Clues from the dead help unearth history

  • Thomas Gaskin Special for The Herald
  • Friday, October 31, 2014 6:12pm
  • Life

What is more popular than zombies, especially this time of the year?

The American public seems to have an insatiable appetite for the unburied matched only by a zombie’s craving for human flesh. Whether it is the staggering zombies of George Romero’s 1968 “Night of the Living Dead” or the surprisingly nimble, choreographed undead of Michael Jackson’s 1982 “Thriller” or the 2004 zom-rom-com, “Shaun of the Dead” or the hyper fast flesh eaters in Brad Pitt’s 2013 “World War Z,” the dead are alive.

Zombies are now more popular than sports. The first two Sunday episodes of the fifth season of “The Walking Dead” in October were seen by more television viewers than the NFL games on those nights.

As a historian, I confess the unburied have always attracted my morbid curiosity. Throughout United States history there have been a disturbing number of gravesites from which prominent historical figures have risen.

Much of the unburying is like that of General “Mad” Anthony Wayne of American Revolution fame, who was interred in Erie, Pennsylvania in 1796. Twelve years later his son moved the remains to the family estate for reburial in eastern Pennsylvania. What makes this relocation of his father unusual was that the entire body did not make the journey. The son’s wagon was too small to cart the coffin, so out of desperation he decided to boil the flesh off his father’s corpse and only bring back the bones.

Less grisly were the circumstances of President Zachary Taylor rising from the grave. He died suddenly in 1850, although previously he had been considered in good health. Rumors abounded that he was poisoned by fellow southerners who disliked Taylor’s opposition to the extension of slavery to the western territories. Finally, in 1991 his body was exhumed and tested for arsenic. Minute amounts of arsenic were discovered, but not in quantities that could have caused his death. He was reinterred in his Louisville mausoleum.

Claims that the outlaw Jessie James had escaped death in 1882 and actually had lived to be over 100 in a Missouri town caused James’ body to be unearthed in 1995. DNA testing was conducted on the body and compared to James’ descendants. It was the outlaw. Back in the ground his remains went.

Other “grave doubts” swirled around Lee Harvey Oswald. Author, Michael Eddowes claimed a Russian agent substituted himself for Oswald when the ex-Marine defected to the Soviet Union, and years later was the real asssassin of JFK. Eddowses convinced Oswald’s wife to have the casket opened and the body examined. The autopsy conclusively revealed Oswald was Oswald, and he was promptly reburied.

It has not just been the well intentioned mystery solvers who have brought the dead from their graves or at least tried. In 1876 a counterfeiting ring planned to steal Abraham Lincoln’s body and hold it for ransom in exchange for one of their cohort’s release from prison. The theft was bungled, but in 1901 Lincoln’s son Todd fearing other grave robbers, had his father’s coffin enclosed in a cage 10 feet deep with 4,000 pounds of cement poured over it.

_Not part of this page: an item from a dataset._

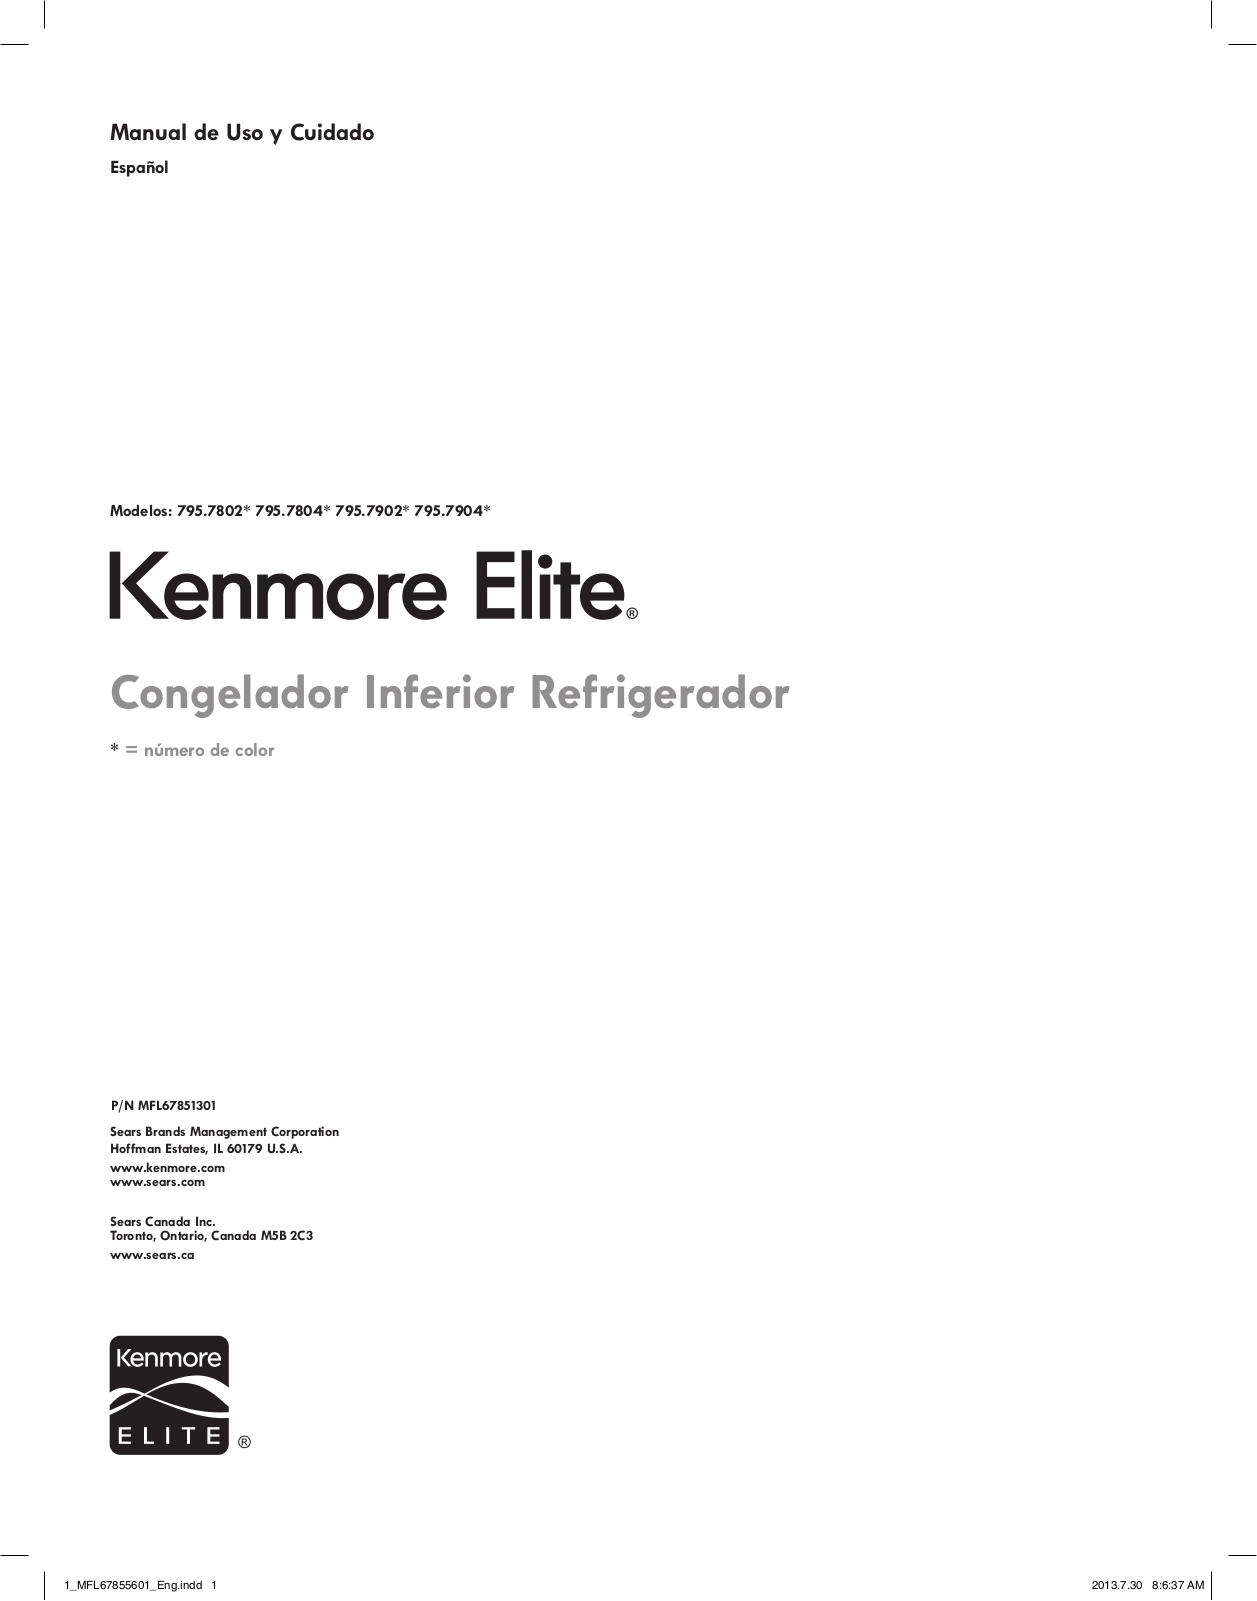 Kenmore Elite 24 cu. ft. Bottom-Freezer Refrigerator, Elite 22 cu. ft. Bottom-Freezer Refrigerator Owner's Manual

While it is unclear what, if anything, should be done about the Zombie apocalypse that is upon us, perhaps America’s notable historical figures should follow the lead of past communist nations, who have embalmed Lenin, Stalin and Ho Chi Minh and put them on display for public viewing. Wax museums have their place, put Americans seem to yearn to see the unburied in a live setting.

Dr. Thomas Gaskin is a retired Everett Community College U.S. History Instructor.